7. The sleeve of claim 1, wherein the first end of the biasing member includes a hooked portion extending over the working end and an outer surface of the sleeve to limit movement of the first end in the radial direction.

8. A biasing member adapted to apply a biasing frictional force to a workpiece received in a workpiece aperture of a sleeve, the biasing member comprising:

a first end adapted to be restrained from movement in a radial direction relative to the sleeve; and

a second end having a curved portion and being restricted from moving axially relative to the sleeve, wherein the curved portion is adapted to engage a groove formed in an inner surface of the workpiece hole.

9. The biasing member of claim 8, wherein the first end is adapted to be received in a recess of the workpiece aperture to limit movement of the first end in the radial direction.

10. The biasing member of claim 8, wherein the biasing member is a sheet metal piece.

11. The biasing member of claim 8, wherein said second end is adapted to move radially into said groove when said workpiece is inserted into said workpiece aperture, and wherein said second end is adapted to move radially away from said groove when said workpiece is withdrawn from said workpiece aperture.

12. The biasing member of claim 8, wherein the first end of the biasing member includes a hooked portion adapted to extend over a working end and an outer surface of the sleeve to limit movement of the first end in the radial direction.

13. A sleeve having a working end and an opposite driving end, the working end having a workpiece aperture adapted to receive a workpiece, the driving end adapted to engage a torque application tool, the sleeve comprising:

a ductile sheet metal member adapted to apply a biased frictional force to the workpiece when the workpiece is received in the workpiece aperture and comprising opposing first and second ends, wherein the first end is limited in movement in a radial direction, the second end comprises a curved portion and the second end is limited in movement in an axial direction; and

a groove formed in an inner surface of the workpiece hole and at least partially surrounding the workpiece hole, wherein the curved portion engages the groove,

wherein the second end is adapted to move radially into the groove when the workpiece is inserted into the workpiece aperture and to move radially away from the groove when the workpiece is withdrawn from the workpiece aperture.

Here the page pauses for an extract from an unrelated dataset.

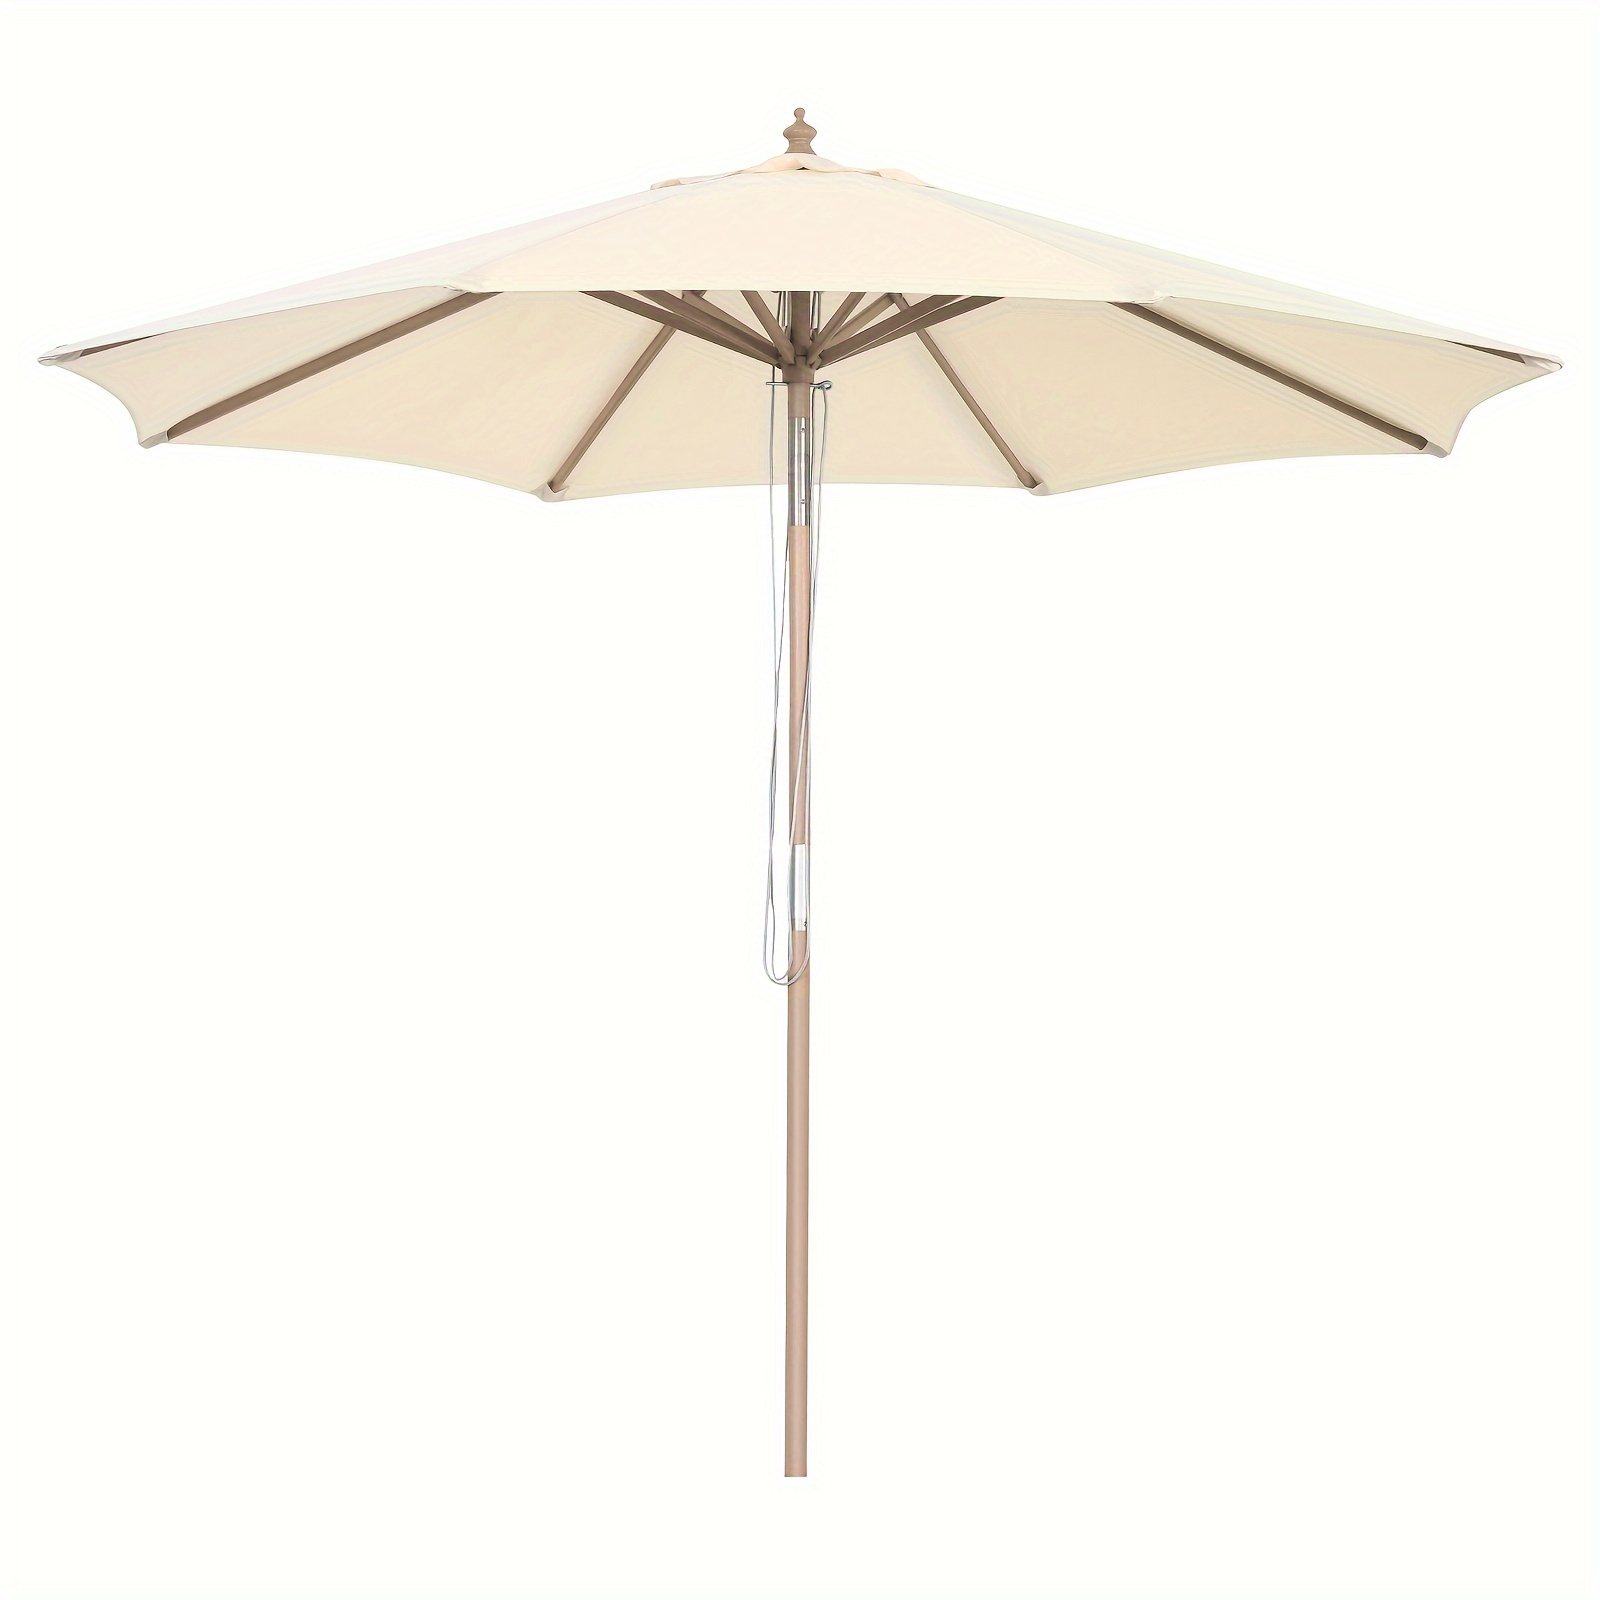 

Parasol en bois, parasol de jardin avec 8 baleines, parasol de marché inclinable, parasol de terrasse beige, système de câble de parasol en bois pour jardin, plage, piscine et café (270 cm x 248 cm)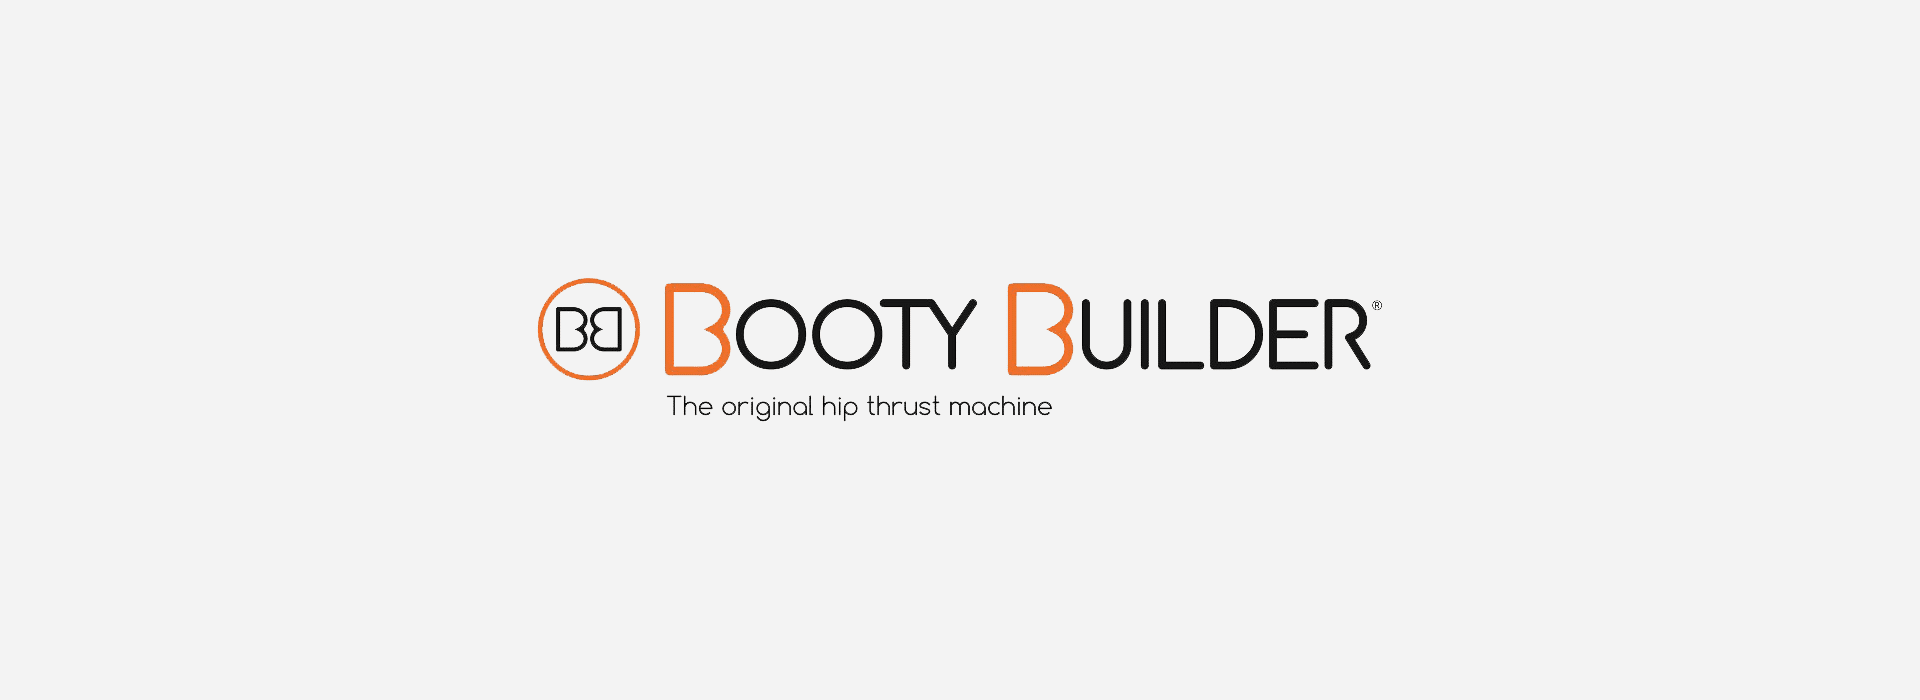 Découvrez tout ce qu’il se passe derrière le logo de Booty Builder

14. The sleeve of claim 13, wherein the workpiece aperture includes a recess having a trapezoidal portion, the recess receiving the first end and adapted to limit movement of the first end in the radial direction.

15. The sleeve of claim 13, wherein the first end includes a hooked portion extending over the working end and an outer surface of the sleeve to limit movement of the first end in the radial direction.